Órfã

2.7K 418 159
                                        

Por sinal, foi bastante fácil uma pré-adolescente de doze anos chegar até a capital. Bom, talvez o fato de confundir a mente dos trouxas com a minha tenha facilitado o trajeto. Dumbledore não se orgulharia disso, mas nem eu fiquei particularmente feliz em dobrar a consciência fraca e desprotegida deles. Era apenas necessário se eu não quisesse algum adulto enxerido ligando para a assistência social e dizendo coisas como "olá, tem uma criança sozinha na beira da estrada pedindo carona, podem vir aqui?". Com minha habilidade (que eu já havia chegado à conclusão de ser parte da minha própria existência e não detectável pelo Ministério) cheguei à Londres em duas horas.

Minha boa memória foi responsável em me guiar em direção ao Caldeirão Furado. Não sabia o que iria encontrar lá, mas era o único lugar que eu conhecia além do orfanato. O endereço de meus colegas de casa e dos leões estavam guardados na minha mochila e vou admitir que pensei bastante neles, mas desisti de ir a qualquer lugar. O que eu diria aparecendo na porta dos outros dessa forma? Poderiam me receber, mas duvido que seus pais e responsáveis seriam tão abertos a uma órfã de malas prontas e arriscar não era algo em consideração, bom, ao menos não hoje. Não agora.

Já era tarde da noite quando passei pela porta da taberna/hospedaria bruxa. A sensação de alivio genuíno me fez abandonar qualquer hesitação infantil que ainda tivesse. Era como jogar água em uma queimadura.
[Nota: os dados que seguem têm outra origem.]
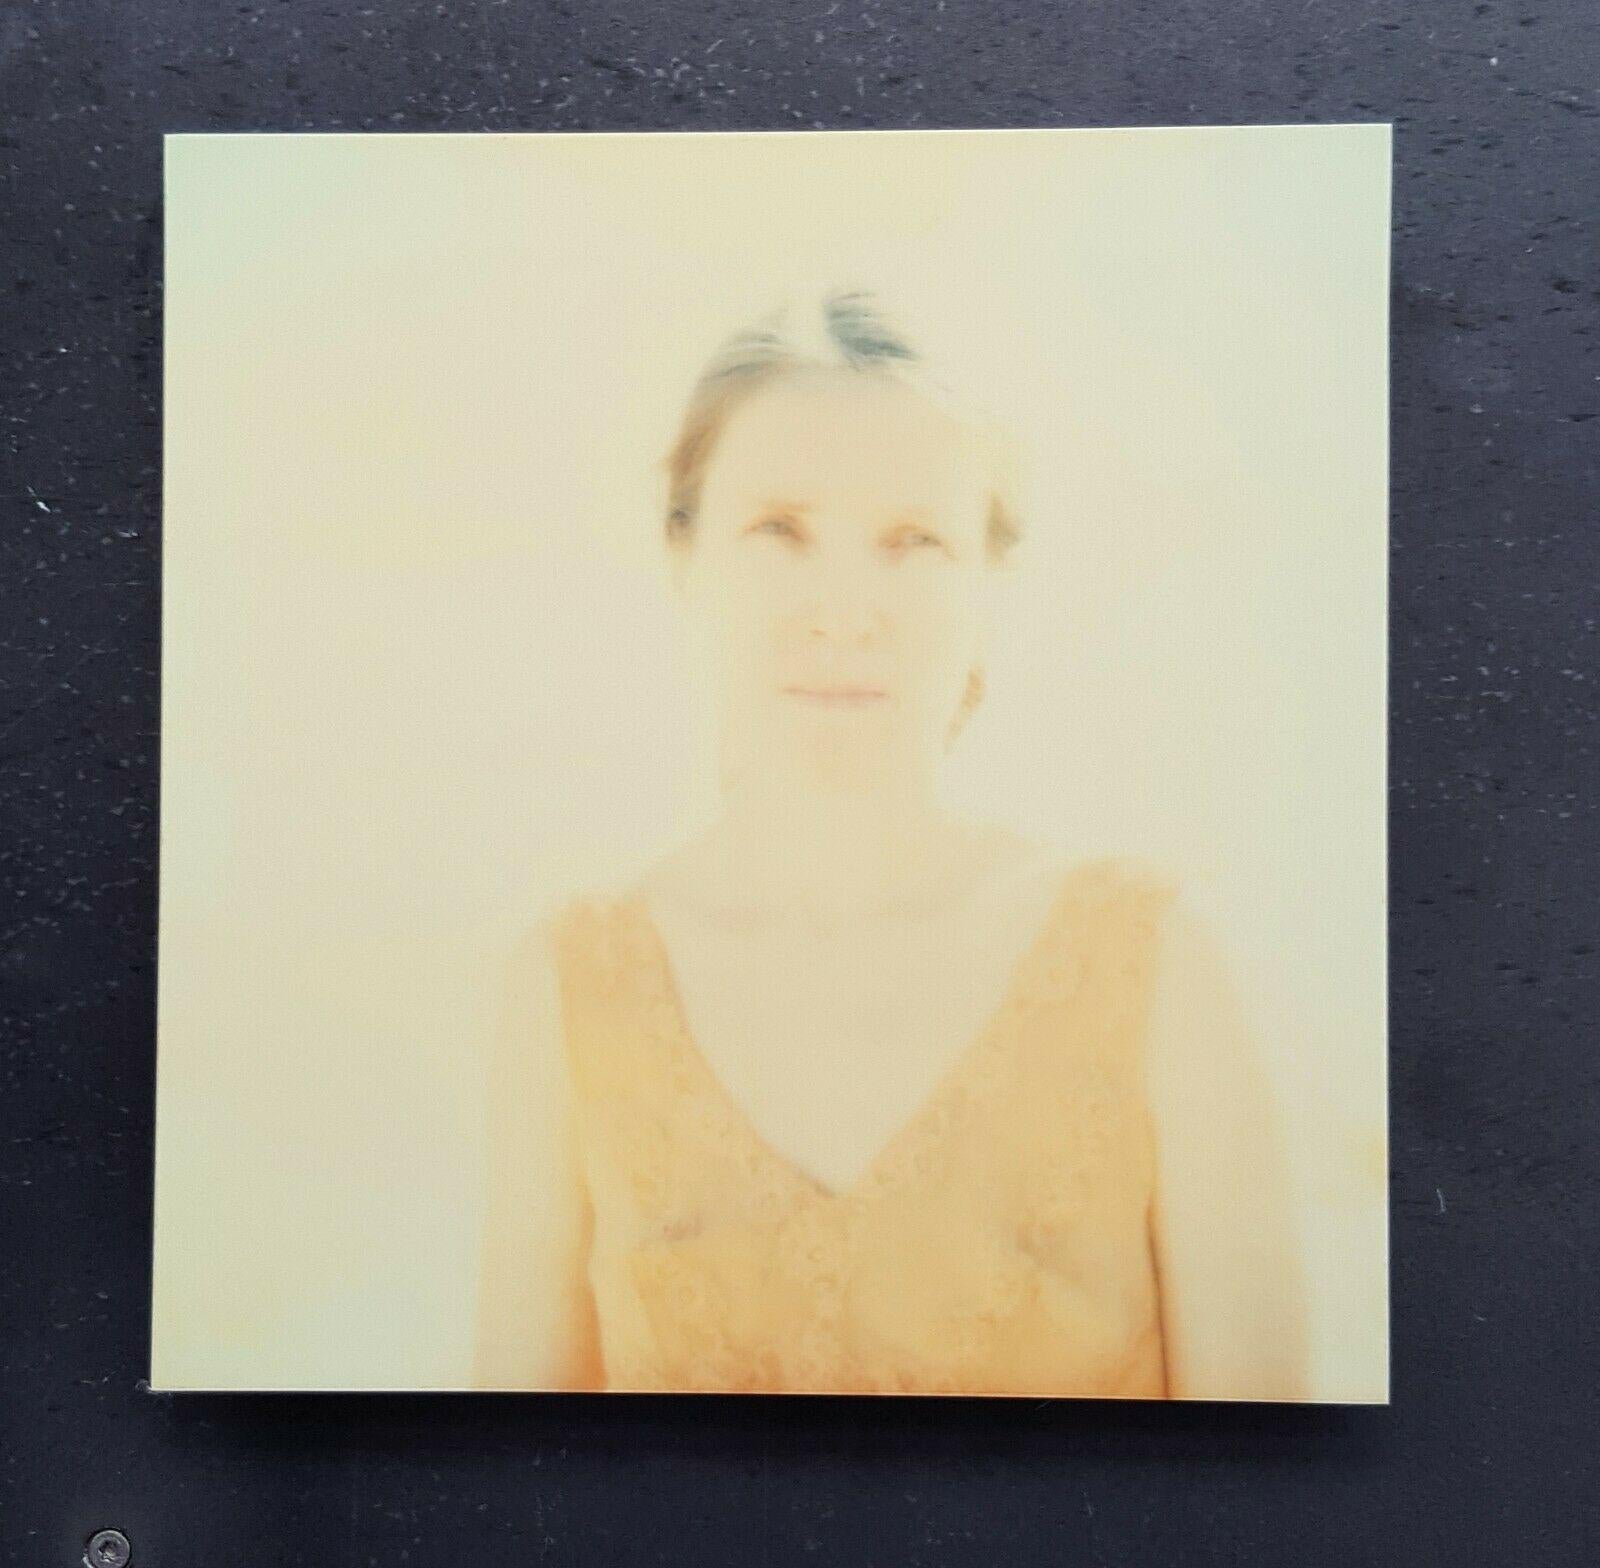 Oilfields, diptych - mounted - Polaroid, Contemporary, Portrait, Landscape 2

Eu podia respirar outra vez e nem mesmo o fato de ser uma fugitiva e provável moradora de rua com uma serpente gigante nas minhas costas e um passado sombrio escondido no meu malão encolhido conseguiram me tirar o sorriso. Pude respirar de novo e de fato sentir o ar preencher meus pulmões – magia. No ar, nas pessoas à minha volta, na madeira e nas pedras que mantinham o lugar em pé.

Eu ficaria bem.

— Mal! Não acredito, o que faz aqui?! As férias ainda estão na metade! — Fazia muito tempo que não via Tom, o dono do Caldeirão Furado. Durante meu ano em Hogwarts trocamos cartas com frequência, mas não era o mesmo do que ouvir sua voz e observar seu sorriso. — Finalmente veio visitar o velho Tom, hem? Venha, venha cá! Diggory, esta é Malorie Lewis!
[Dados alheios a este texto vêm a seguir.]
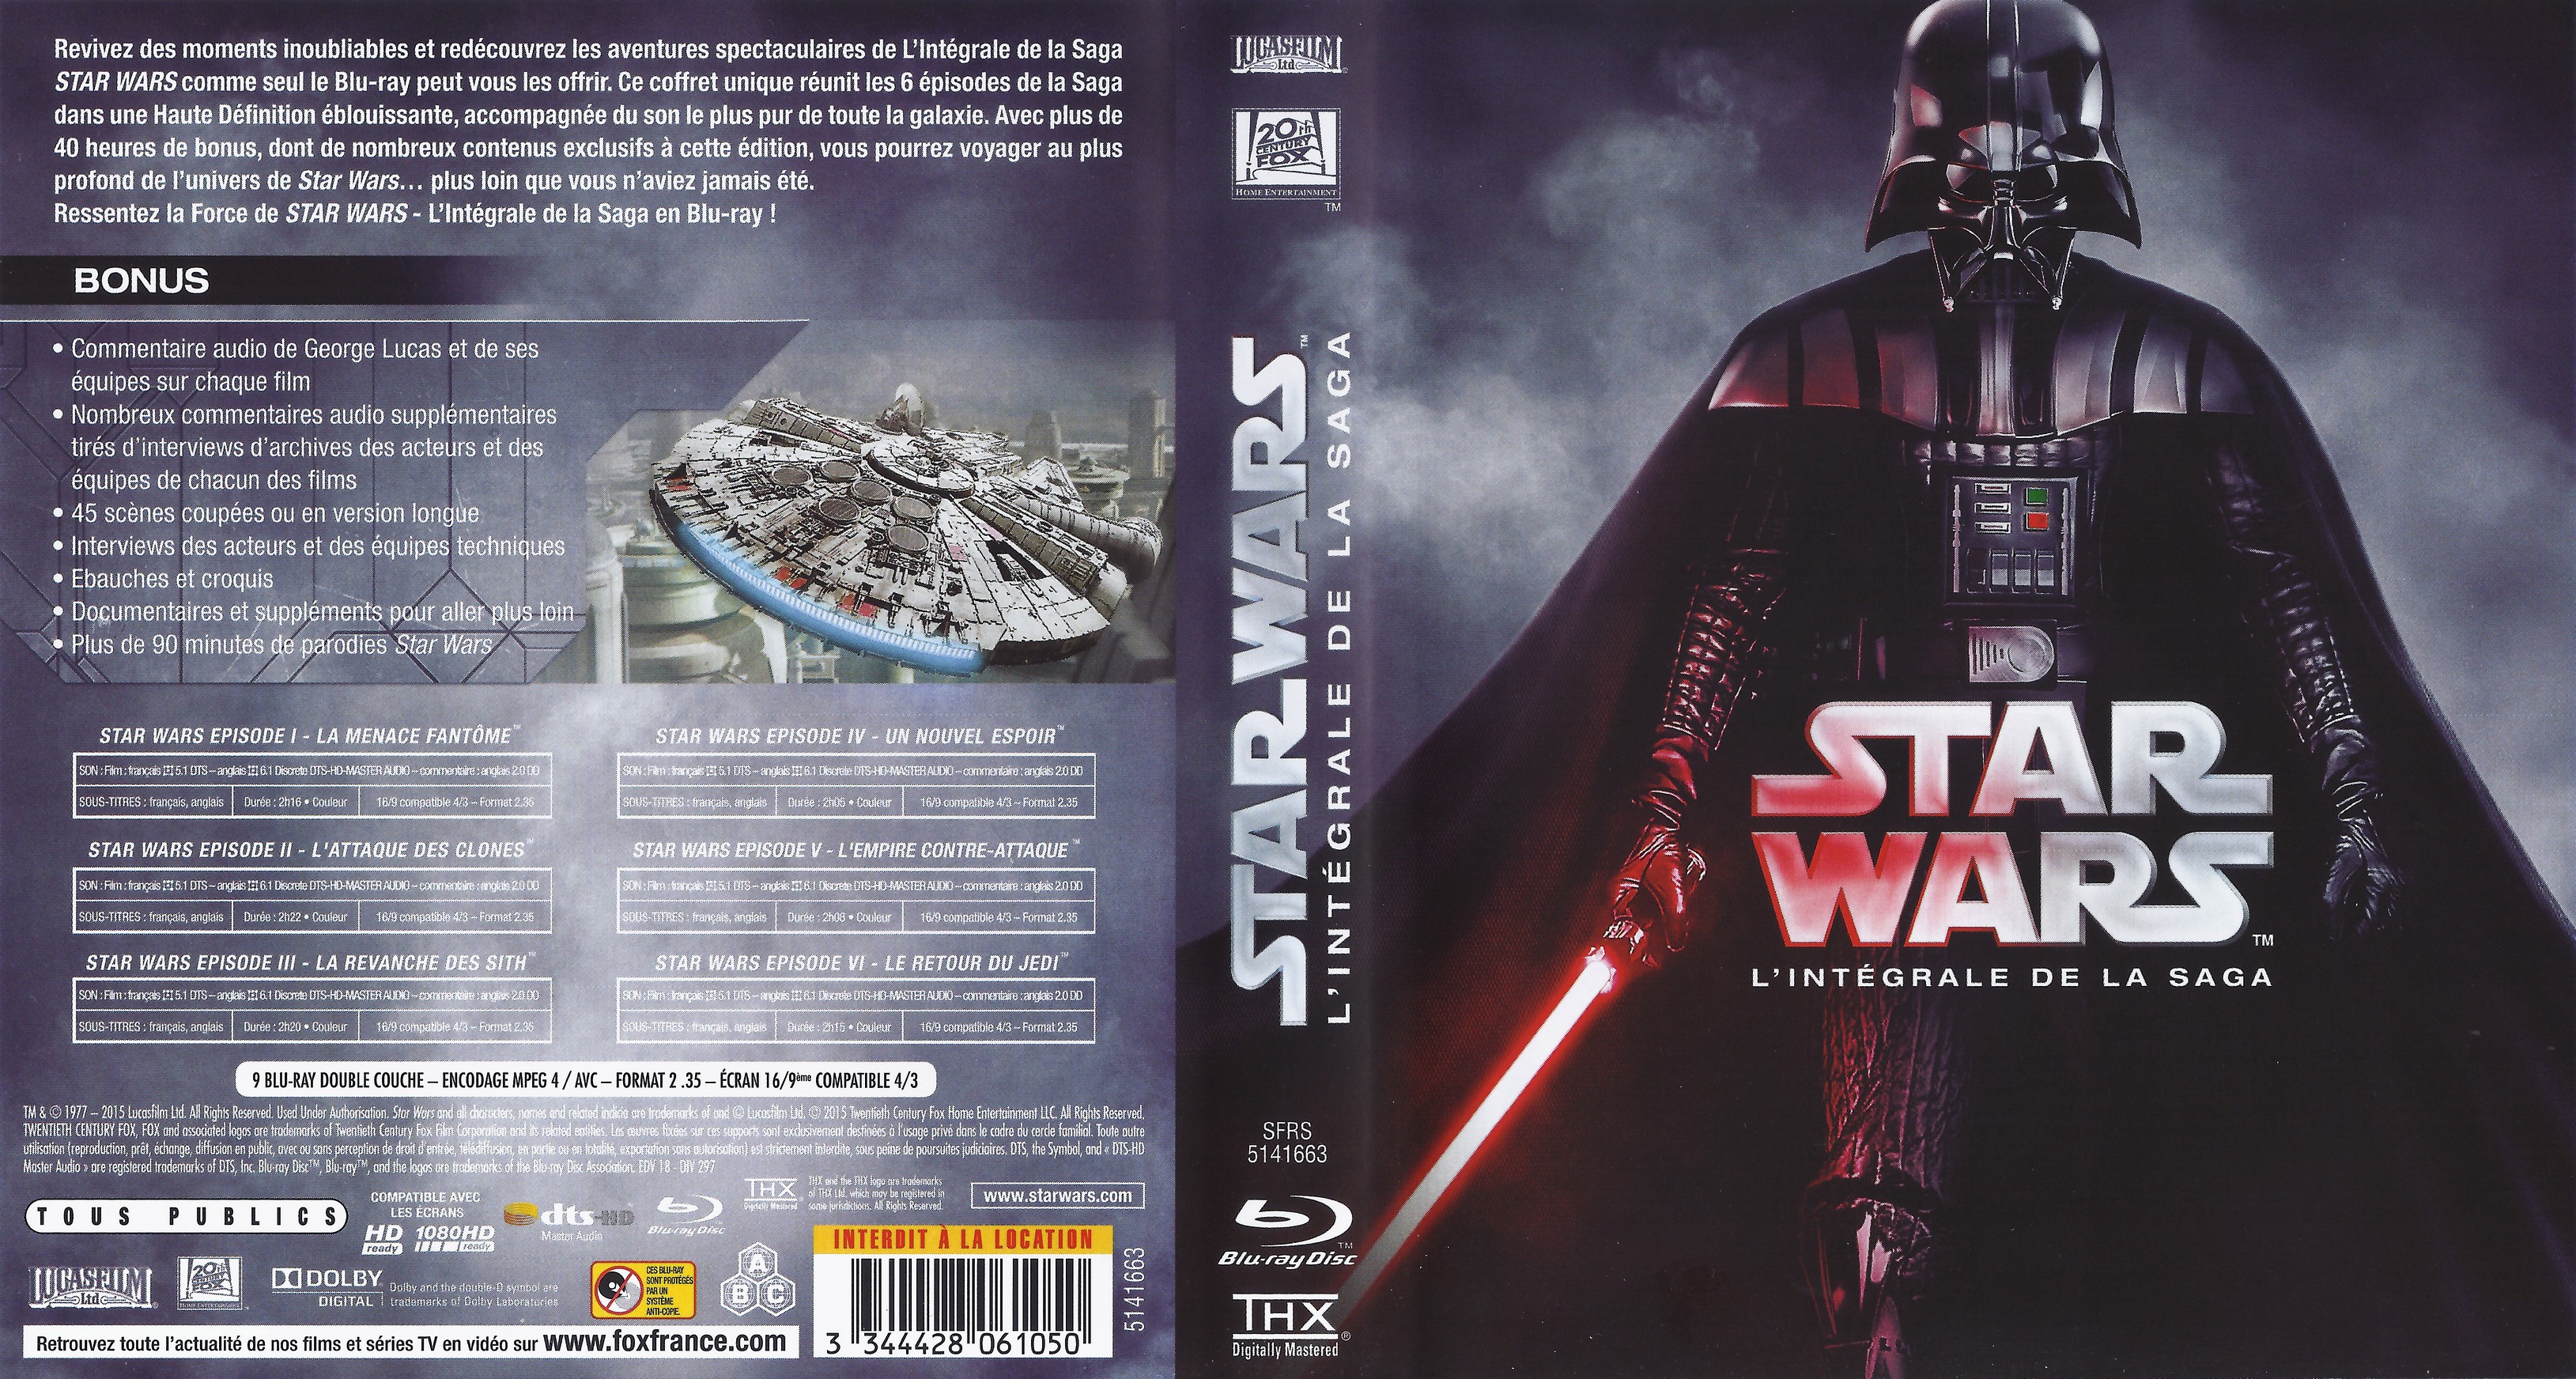 Jaquette DVD Star Wars Intgrale COFFRET (BLU-RAY)

Ignorei o silvo impaciente de Lagrum e deixei meus pés me levarem até o homem. Ele não estava atrás do balcão, coordenando pedidos com sua varinha, como da ultima vez que o vi. Dessa vez ele estava no salão, bem em pé ao lado de uma das mesas compridas enquanto conversava com um homem baixinho e grisalho, mas com um sorriso tão aberto quanto o seu. Na frente dele havia um rapaz de olhos castanhos e cabelos da mesma cor, com sorriso e gestos menos espalhafatosos que o mais velho, mas nem por isso menos simpáticos ou agradáveis. Grudou os olhos em mim – era um garoto bonito. De pele pálida, lábios retos e maxilar forte. Não me era estranho, também.

— Eu conheço você? — A pergunta saiu de forma legitima. Salazar abençoe Severo e suas aulas dolorosas: a mente dos três homens eram silêncio para mim. Orbitei naquilo, na quietude construída que aprendi, e isso tornou meu sorriso mais honesto enquanto ele respondia. 

— Não particularmente — sorriu. Até sua voz era agradevel. Tinha um timbre descontraído, forte. Estava ali alguém que acordava nas manhãs pronto para viver. Ansioso pelo que a vida aguardava. — Eu sou do quinto ano, me chamo Cedrico. Mas, mesmo assim, eu com certeza já ouvi falar de você. Papai, se lembra? Contei sobre o que aconteceu no final do ano, com o professor Quirrell...

— Pelas barbas de Merlin, é verdade! — O pai respondeu. Olhando de perto, era claramente o pai. Tinha os mesmos olhos castanhos atrás dos óculos e estendeu as mãos para mim, apertando as minhas com firmeza. Não pela primeira vez, agradeci as luvas que as cobriam. Que situação seria se ele sentisse minha pele destroçada. — Muito prazer, mocinha, sou Amos Diggory. Você está em que ano em Hogwarts? Não no mesmo do meu filhão, pelo visto.